[racket] handin-server hanging

From: Eli Barzilay (eli at barzilay.org)
Date: Tue Sep 28 19:40:34 EDT 2010

Random points:

* The "cleaning up" log message doesn't mean much -- it happens every
  few minutes if there were any submissions.  Adding log lines in
  random places (including at the end of a cleanup) is probably a good
  idea to see where the problem is.  (And if it's a problem, it's
  possible to disable the cleanup, but the directory structure will
  become more complex -- I can give you the information if needed.)

* If the process gets stuck this way, then it's in some deadlock,
  probably related to the submission process.  To abort it more
  conveniently, you can use Ctrl+\ on a linux terminal.

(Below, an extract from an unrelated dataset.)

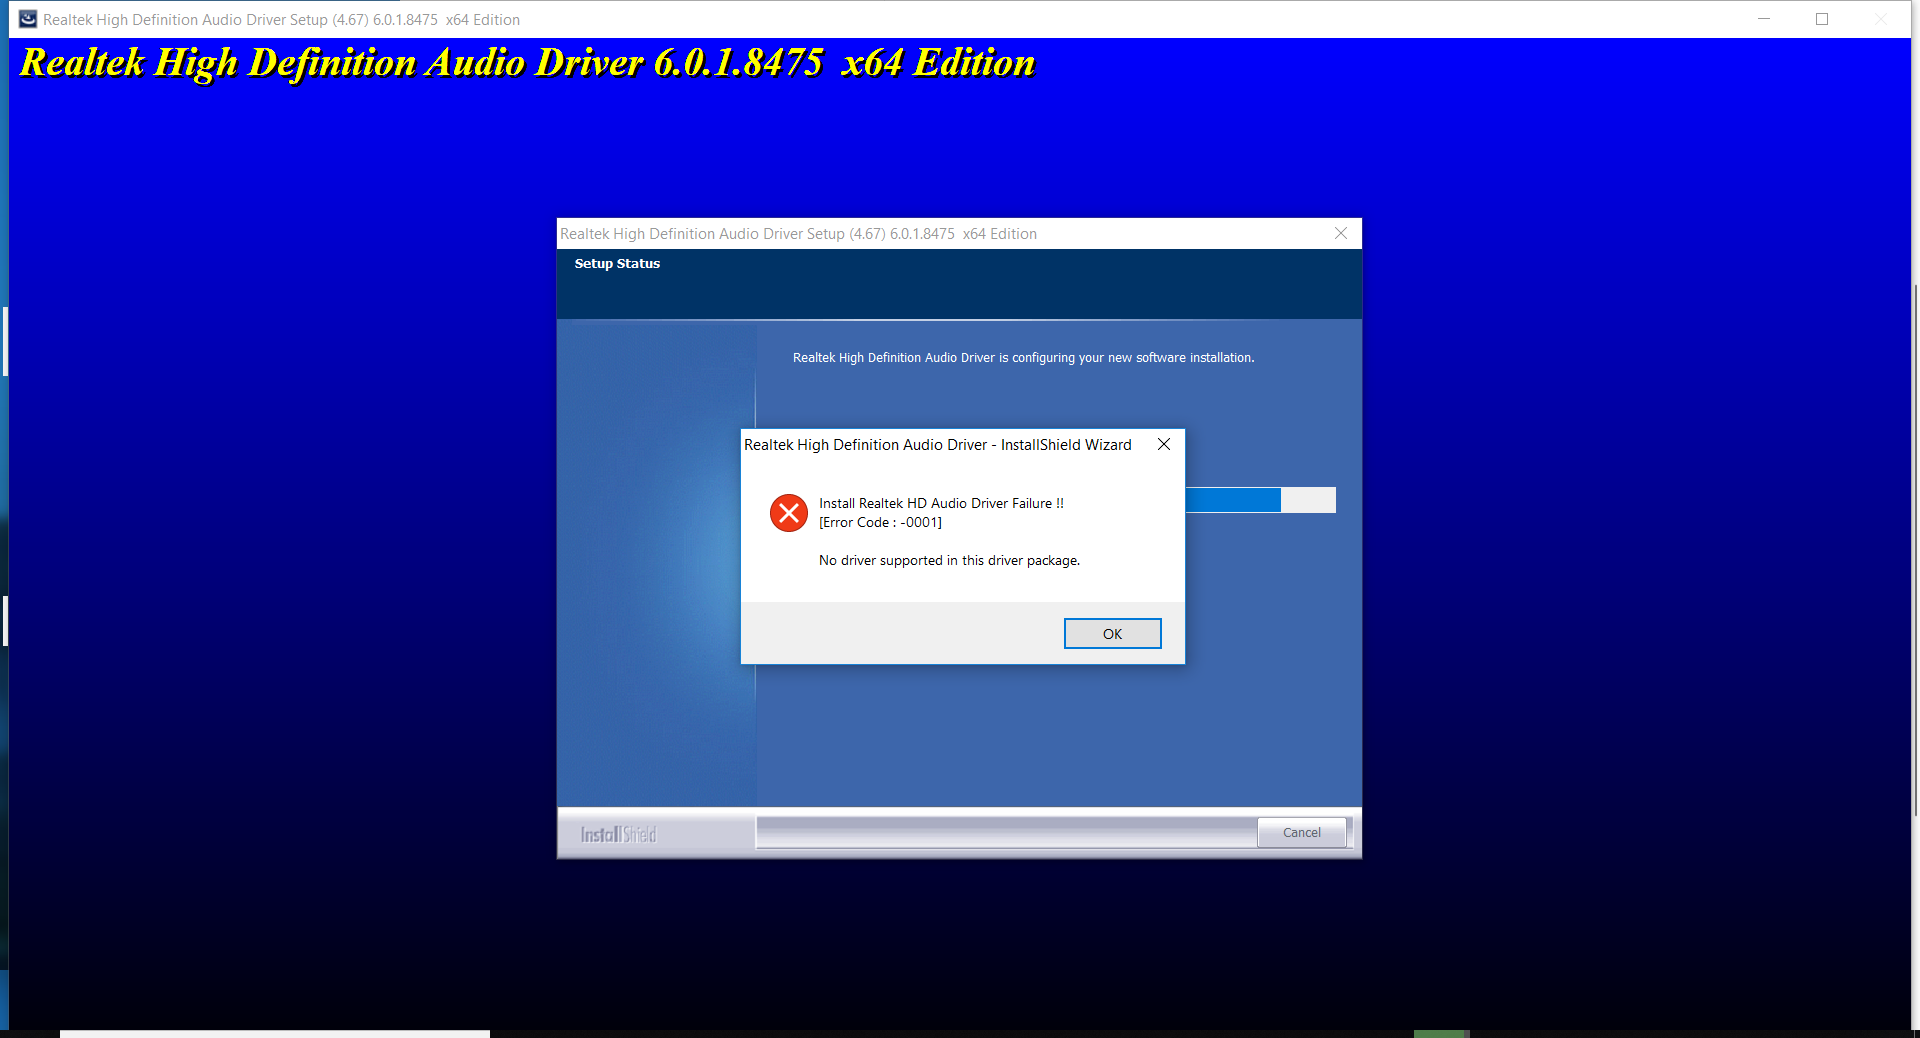 Realtek High-Definition (HD) Audio Driver for Windows 10 v18... - HP  Support Community - 6860014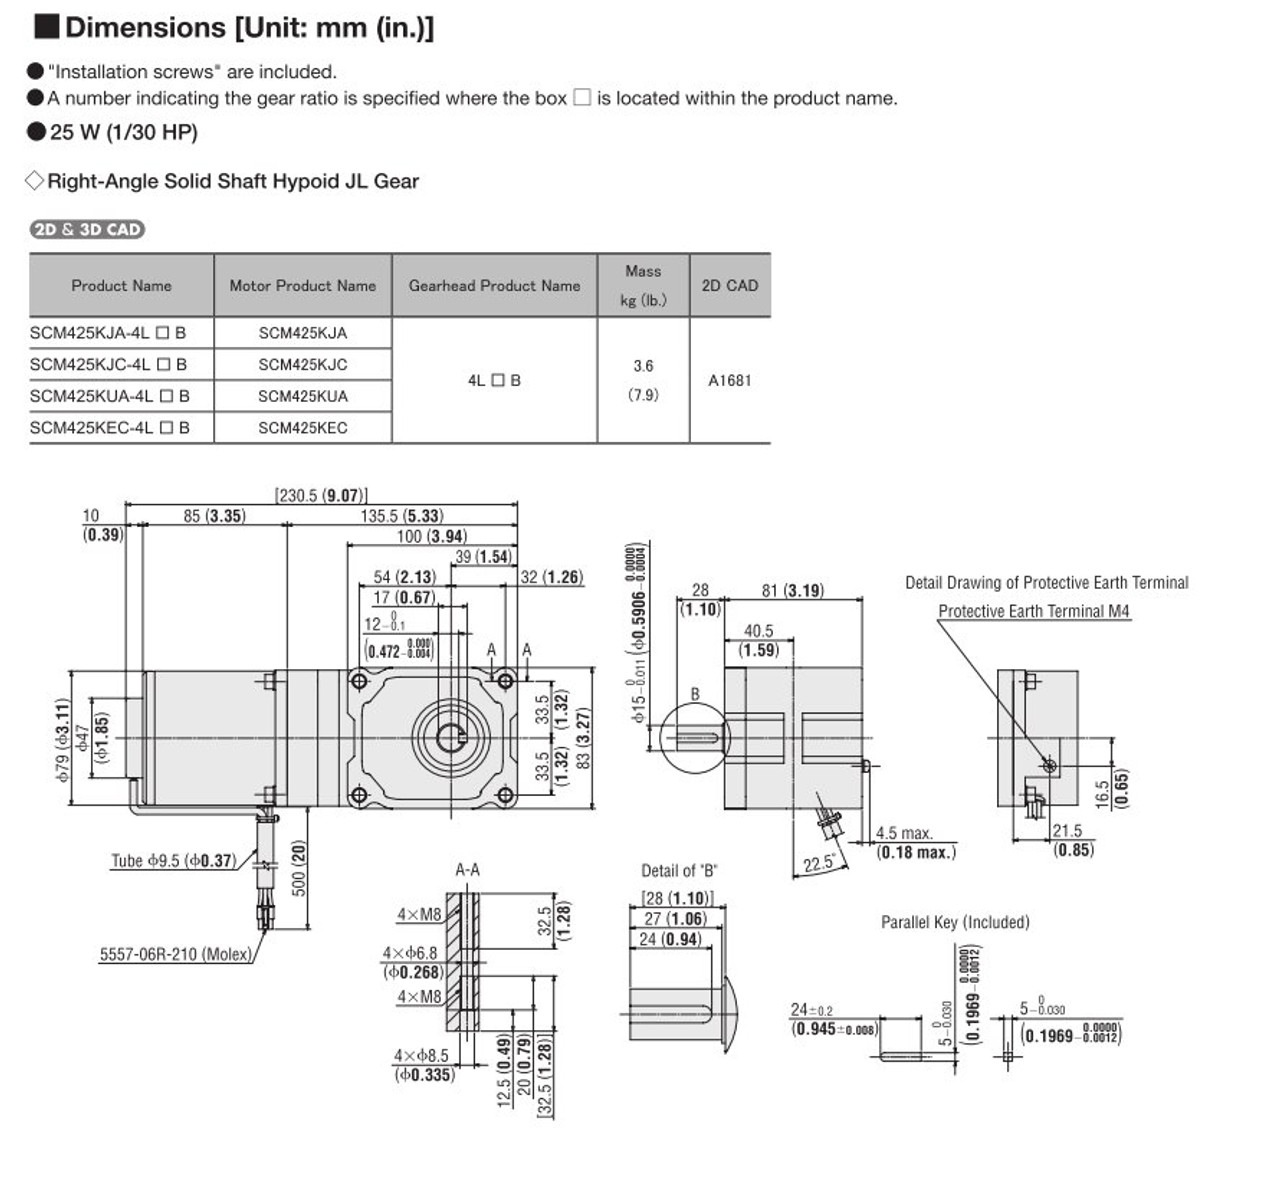 SCM425KUA-4L20B - Dimensions

* JFYI, the highest number of students that we've had here was about
  120 -- so you're definitely pushing more limits.  The server should
  generally be fine though -- it uses `run-server' which looks like
  it's hard-wired to 5 simultaneous connections.  Still, it's probably
  a good idea to keep an eye on the process and see that it's not
  growing up to a thrashing point.

* Especially relevant to look at the process when it gets stuck.  A
  very convenient linux utility for this is `htop' -- see the memory
  and the state of the process, and also hit "s" and it will connect
  to the process with strace and show you the system calls it's doing
  (if any).

* Also, running it on NFS is probably not a great idea -- some NFSs
  can have subtle behavior with many operations.  I think that it's
  better to run it on a local filesystem, with a cron job to copy it
  to the NFS for backup.


10 minutes ago, Ryan Golbeck wrote:
> Has anyone had any problems with their handin-server hanging?
> 
> Twice recently we've had our handin-server seemingly hang.  The last
> log message on both hangs was that it was "Cleaning up all
> submission directories".  I've added new log messages to determine
> if it ever finishes cleaning the submission directories should this
> happen again, but I haven't been able to reproduce the hang easily.
> We have around 400 students in the class using the handin-server, so
> the number of submissions is adding up quickly.  The server is
> running on a host where the submission directories are served over
> NFS, which does seem to be slow in some cases, and could be a source
> of Racket hanging for some reason.
> 
> The process wouldn't respond to a Ctrl+C interrupt on the terminal it
> was running when it was hung; I had to send it a signal using kill to
> get it to stop.
> 
> Anyone have any suggestions on where I should look for this?  I'll try
> to post more information as soon as I get it.

-- 
          ((lambda (x) (x x)) (lambda (x) (x x)))          Eli Barzilay:
                    http://barzilay.org/                   Maze is Life!


Posted on the users mailing list.